Respond: The OT asset management system is a valuable tool for devising a response strategy that doesn’t do more harm than good. It informs about system dependencies that need to be observed when taking devices offline.

Recover: The OT asset management system is a great place to store system recovery plans. System recovery was already covered earlier, as it is not limited to causes within the cyber security realm.

A different level of visibility: The big picture, als painted by the numbers

You may have heard that an asset management system increases visibility of the installed OT base. This is almost intuitive when thinking about individual PLCs, HMI stations, network switches and so on that the asset owner may not even have known existed before they were automatically identifided by the asset management system. That’s visibility at the micro level.

A totally different level of visibility is achieved at the macro level, where we are no longer looking at individual devices and their configurations, but at the big picture. The OT asset management system allows you to see the totality of OT assets, along with their security vulnerabilities, firmware version spread, obsolete operating systems and so on. It shows hard numbers, and those numbers provide hard insights beyond the fact that a particular PLC might run outdated firmware.

Consider, for example, a well meaning exercise to increase security patching in an organization. A new patch policy suggests that Windows boxes in the OT space should be patched quarterly to mitigate critical vulnerabilities. The OT asset management system clearly shows the results of this effort: In the first patch cycle, a total of 500 patches have been installed on the roughly 100 Windows PCs in a hypothetical plant.

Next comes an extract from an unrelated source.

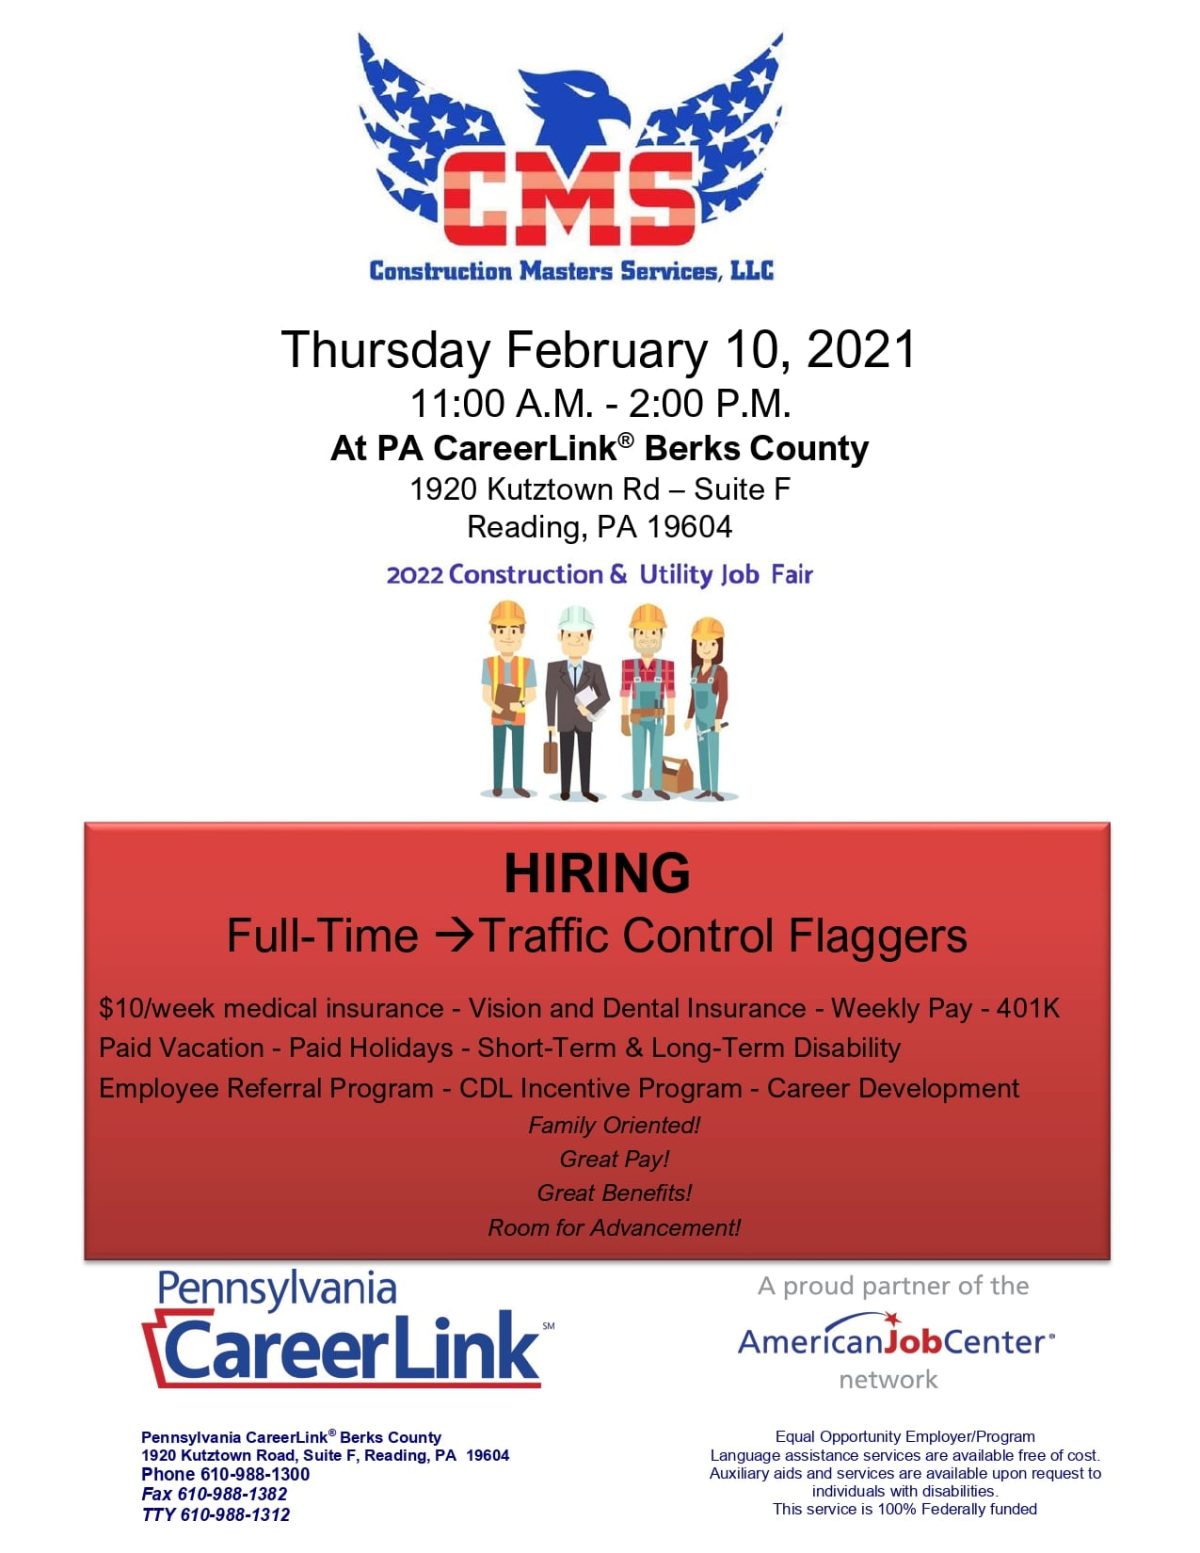 Looking to start an exciting and rewarding career? Come see us at the upcoming job fair!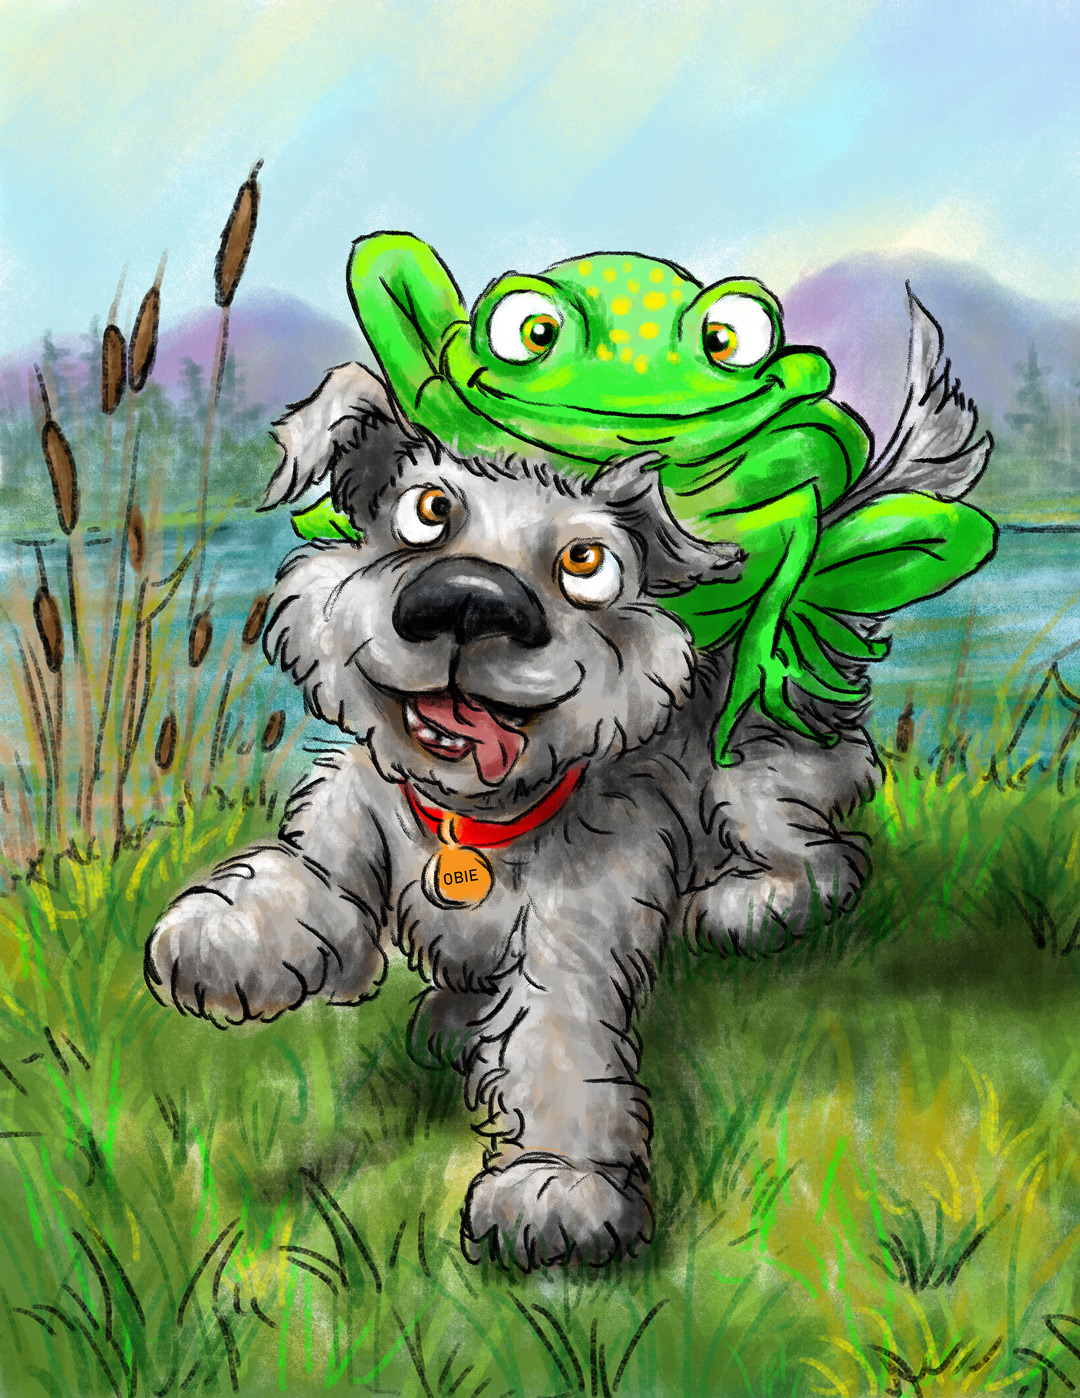 A cartoony speckled frog rides on the back of a silly looking gray dog.

500 patches, that sounds impressive. But when put into context, the picture might change. The OT asset management system also tells us that there’s a backlog of 50.000 vulnerabilities for our PCs that wait to be fixed. (In case you wonder: This number is well below average.) Let’s assume that we don’t need to install 50.000 patches total because some patches mitigate more than one vulnerability. If we only account for 25.000 patches in the backlog, that means it will take over ten years just to clear the backlog, without accounting for new vulnerabilities that pop up during this timeframe. Certainly not what was intended.

The OT-BASE Vantage dashboard shows vulnerability and protection data on a high level

Talking about new vulnerabilities: The asset management system may also show that 80% of computers are running Windows 7 and other operating system versions beyond end-of-support, suggesting that we have a far bigger problem ahead of us which will not be addressed by the new patching initiative.

Bottom line: The sober numbers presented by the OT asset management system help to distinguish real progress from security theater. Considering the fact that OT security efforts always undergo extra scrutiny in respect to their business value, the metrics that can be pulled from the OT asset management system go a long way in developing and executing a sustainable OT security strategy.

Conclusion

OT asset management covers multiple use cases that are essential for running, maintaining, designing, and securing the modern industrial enterprise. This is hardly surprising in face of the digital transition as plant environments become more complex, more connected, more vulnerable, and less transparent. For complex plant environments with thousands of OT assets, the use of an OT asset management system is a necessity.

Automatic asset discovery is successfully in use for many years, and there is no excuse for even trying to gather asset data manually. There is an ongoing debate about “passive” vs. “active” approaches to discovery, however for large OT installations with hundreds of networks, “active” is the only economically viable approach to pursue as it doesn’t require to install discovery appliances in every subnet.

The OT asset management system covers several different use cases in engineering and maintenance and is also the foundation of a sustainable OT security program.